2007-04-23 Thread Ingo Molnar

* Ingo Molnar <[EMAIL PROTECTED]> wrote:

> (we obviously dont want to allow people to 'share' their loans with 
> others ;), nor do we want to allow a net negative balance. CFS is 
> really brutally cold-hearted, it has a strict 'no loans' policy - the 
> easiest economic way to manage 'inflation', besides the basic act of 
> not printing new money, ever.)

sorry, i was a bit imprecise here. There is a case where CFS can give 
out a 'loan' to tasks. The scheduler tick has a low resolution, so it is 
fundamentally inevitable [*] that tasks will run a bit more than they 
should, and at a heavy context-switching rates these errors can add up 
significantly. Furthermore, we want to batch up workloads.

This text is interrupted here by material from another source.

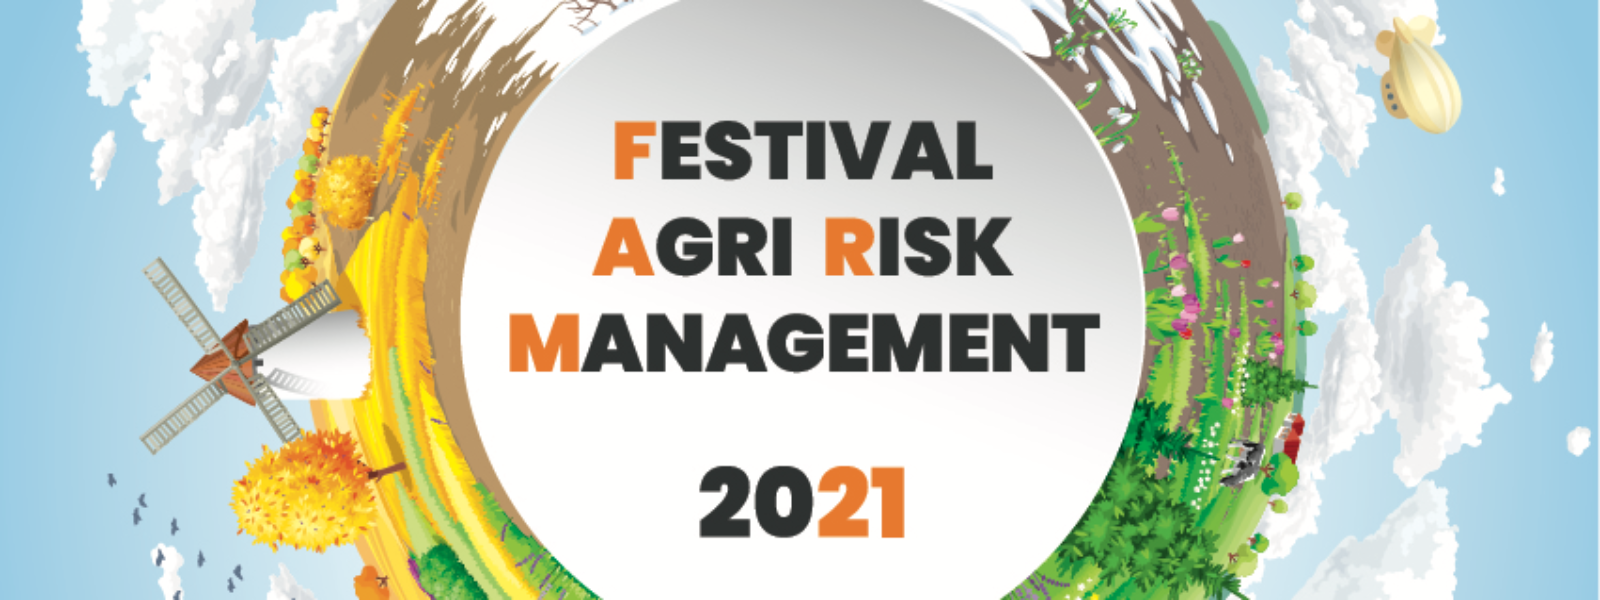 Agri risk management festival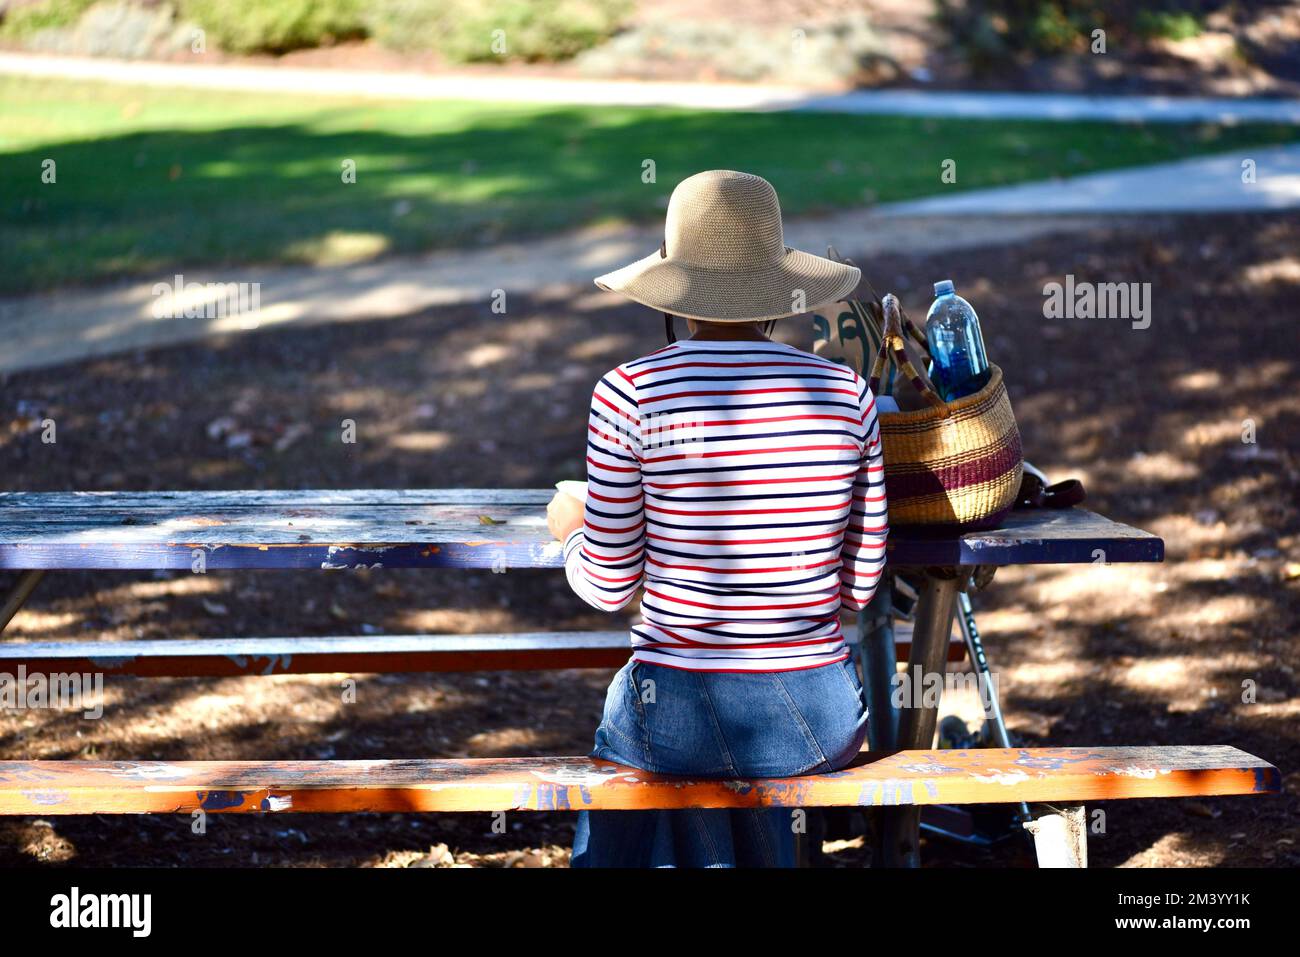 la mujer sentada en un banco del parque que lleva un sombrero floppy de fibra natural tiene un almuerzo tranquilo y silencioso en un entorno similar al parque Foto de stock

So CFS has a "no loans larger than sched_granularity_ns" policy (which 
defaults to 5msec), and it captures these sub-granularity 'loans' with 
nanosec accounting. This too is a very sane economic policy and is 
anti-infationary :-)

Ingo

[*] i fundamentally hate 'fundamentally inevitable' conditions so i 
have plans to make the scheduler tick be fed from the rbtree and 
thus become a true high-resolution timer. This not only increases 
fairness (=='precision of scheduling') more, but it also decreases 
the number of timer interrupts on a running system - extending 
dynticks to sched-ticks too. Thomas and me shaped dynticks to enable 
that in an easy way: the scheduler tick is today already a high-res 
timer (but which is currently still driven via the jiffy mechanism).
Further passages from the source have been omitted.